I believe that you have two possible approaches to an energy balance.
System A
The walls allow heat flow. The defining equations are
$$
P_i = q_x + q_a + P_o \\
q_x = \epsilon_{HS} (1 - \epsilon_L) P_i \\
q_a = (T_c - T_a) / R_T \\
R_T = R_c + R_w + R_a \\
R_c = 1/h_c A_w\ \ R_w = w_w / A_w k_c\ \ R_a = 1/h_a A_w
$$
The balance here is with power input, heat flow out of the fins, heat flow across the container, and cooling power output. The heat flow from the fins is the heat sink efficiency times the heat produced by the lamps as determined from the lamp efficiency (for light production). The heat flow across the wall is a thermal resistance calculation. In this case, you assume / calculate the overall thermal resistance $R_T$. You define the fin efficiency $\epsilon_{HS}$ and lamp efficiency $\epsilon_L$. You set the air temperature $T_a$ and power input $P_i$. What is left is the cooling power that you need $P_o$. The maximum is when $\epsilon_{HS} = 0$ (all lamp heat is dumped to the container) and $\epsilon_L = 0$ (the lamp produces only heat and no light). This approach allows you to size the cooling unit for the maximum required cooling rate $P_{o,max}$ (W) at the output.
System B
The system is adiabatic. The defining equations are
$$
q_L = q_c \\
q_L = (1 - \epsilon_{HS}) (1 - \epsilon_L) P_i \\
q_c = (T_c - T_x) / R_c \\
R_c = 1/h_c A_c
$$
The balance here is heat flow from the lamps and heat flow to the cooling unit. Assume that all heat produced by the lamps is dumped perfectly to the system. The heat flow to the cooling unit is defined by the thermal resistance. This approach allows you to design the temperature, efficiency (convection coefficient), and area of the cooling unit. This will again give a maximum design when $\epsilon_{HS} = 0$ and $\epsilon_L = 0$.
Questions?
Here are the questions that I find are left to address:
- Which system model is more appropriate, conducting walls or insulated walls (System A or System B)?
- How much heat will the lamps dump to the container (what are $\epsilon_{HS}$ and $\epsilon_L$)?
- How effective is the cooling unit (what are its nominal values of $h_c$ and $A_c$)?
Notes
- System A assumes the chamber is hotter than the surrounding air.

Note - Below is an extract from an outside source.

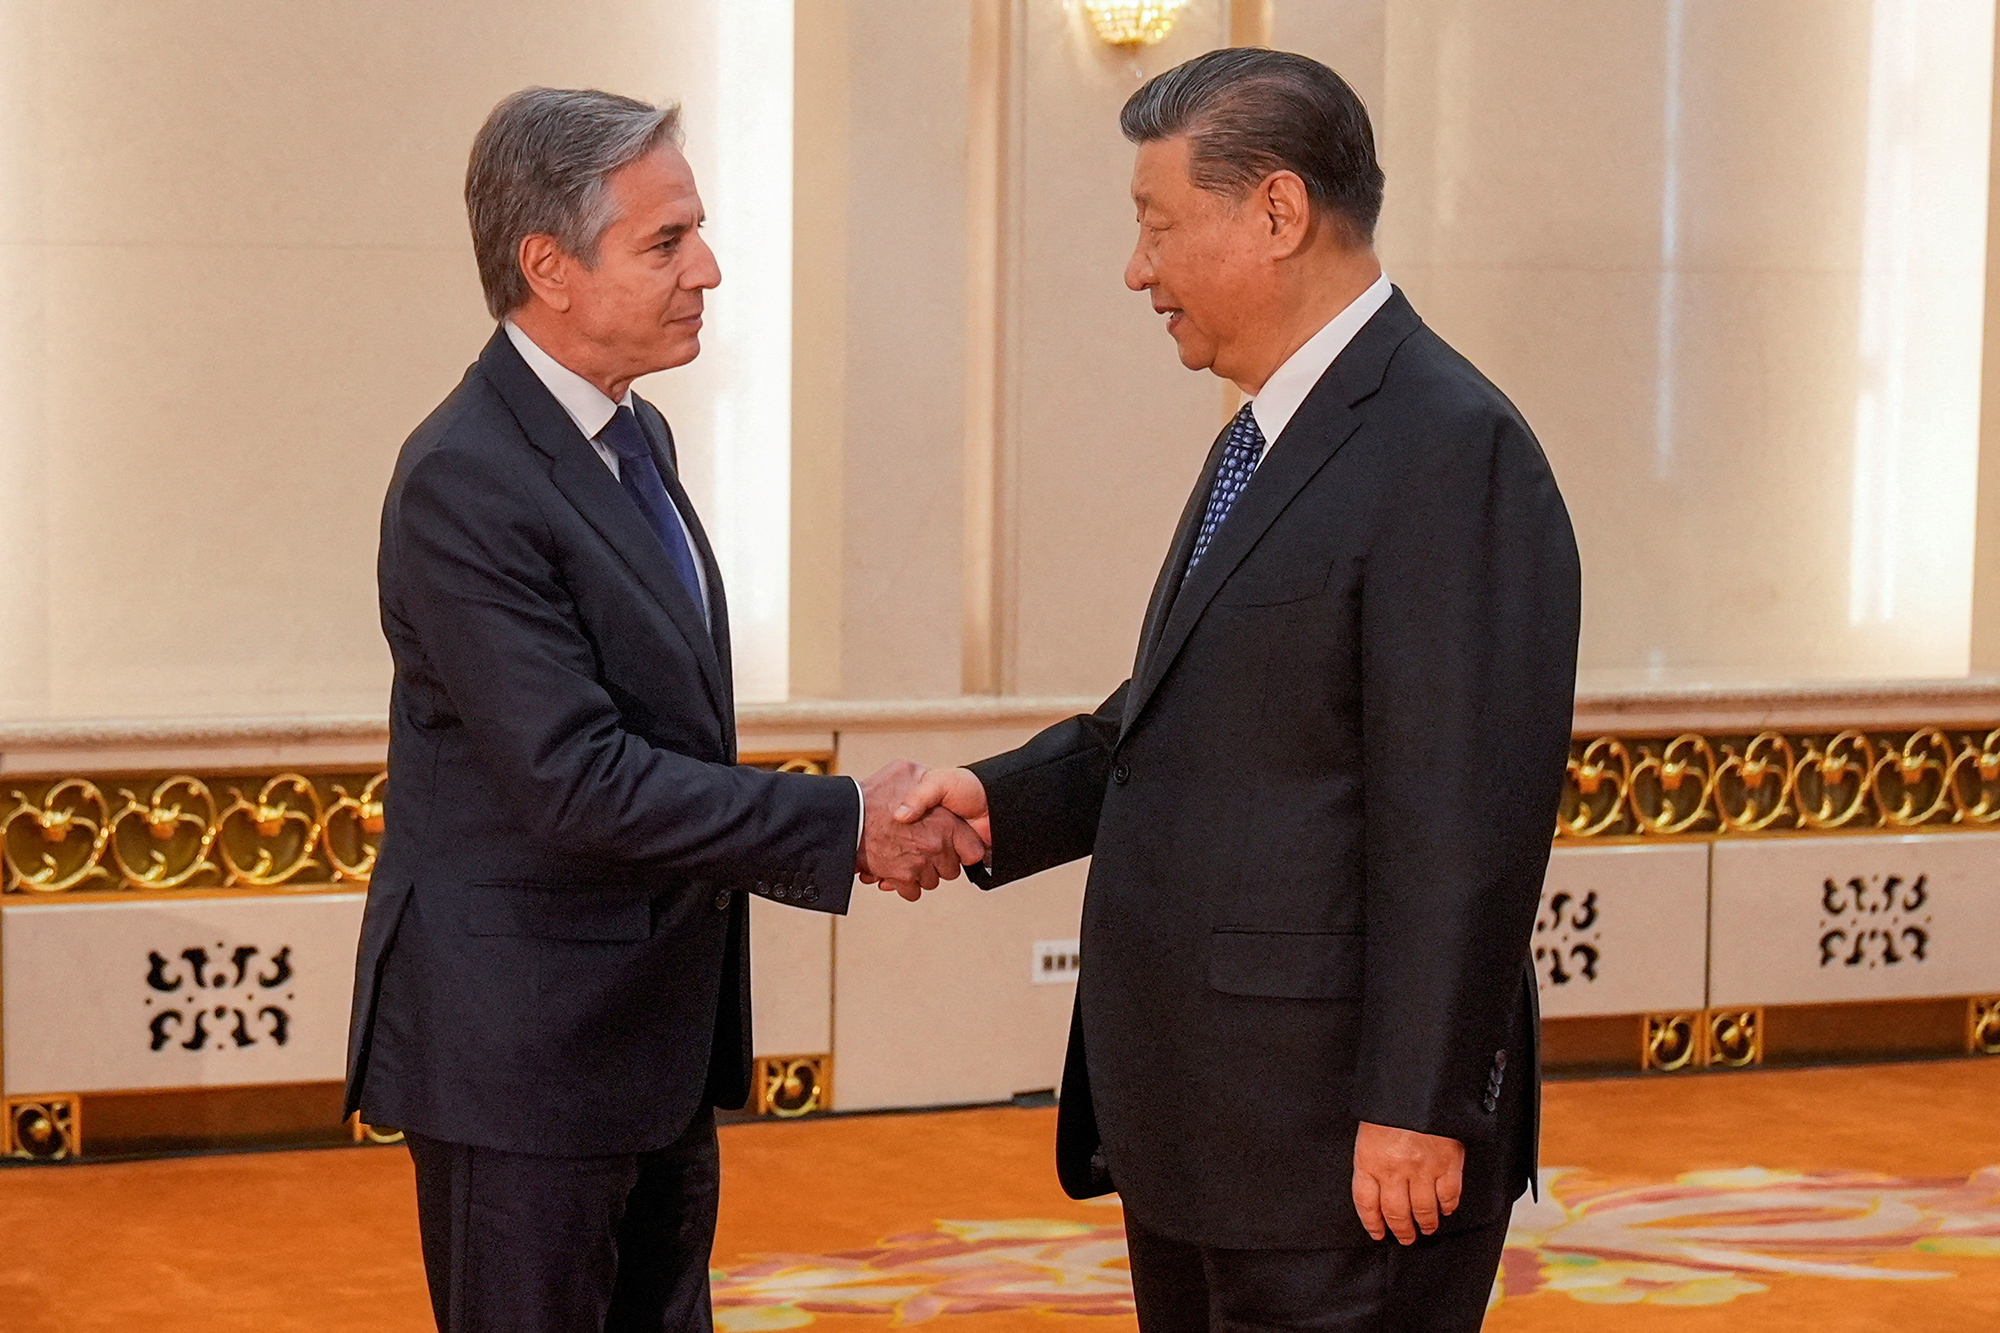 Chủ tịch nước Tập Cận Bình tiếp Ngoại trưởng Antony Blinken tại Bắc Kinh vào hôm qua (26.4)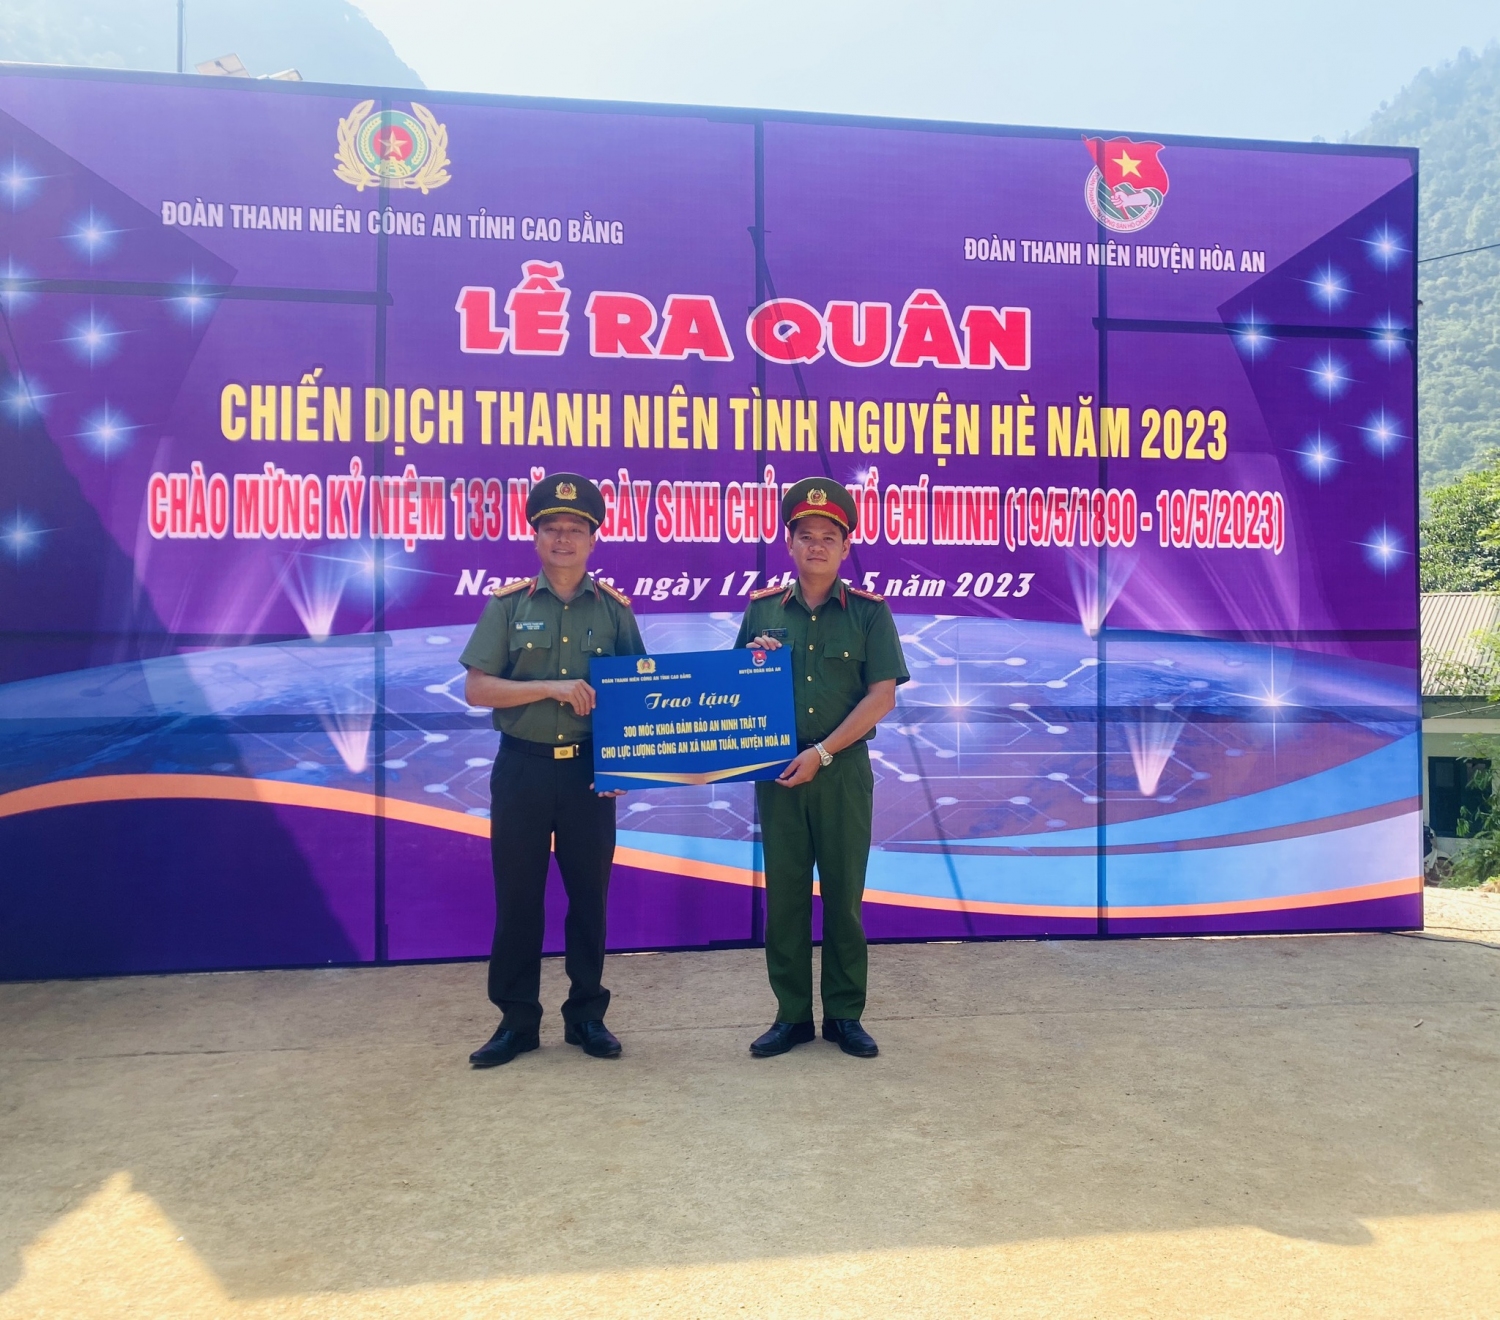 Chương trình đã trao tặng 300 móc khoá đảm bảo an ninh trật tự cho Công an xã Nam Tuấn, huyện Hòa An

System B does not care.
- Neglect radiation, especially in System A. Unless something in the system is above a few hundred oF, radiation is of third order consequence.
- This assumes that all heat produced by the lamps is dumped perfectly to the system. When the lamps are hot above the system, convection is nearly non-existent. The chamber will have a hot zone at the top and a cool zone at the bottom. You must adjust the placement of hot and cold elements accordingly.
- This analysis only gives a picture of how to find the maximum design parameters. The next step may be to decide how much control you want / need on the cooling unit.
Edit (After the Fact)
The original question was ...
I really would like to know what fraction of heat will be diverted into the growth chamber vs what fraction of heat will exit through the heat sink,
The variable you want to determine is $\epsilon_{HS}$. Based on the system picture, I can suggest a simple experiment. Set up the chamber with everything as desired but exclude the cooling system. Put a thermocouple in the chamber. Run the lamps until the internal temperature stabilizes. Use the equations to back-calculate a value or estimate for $\epsilon_{HS}$.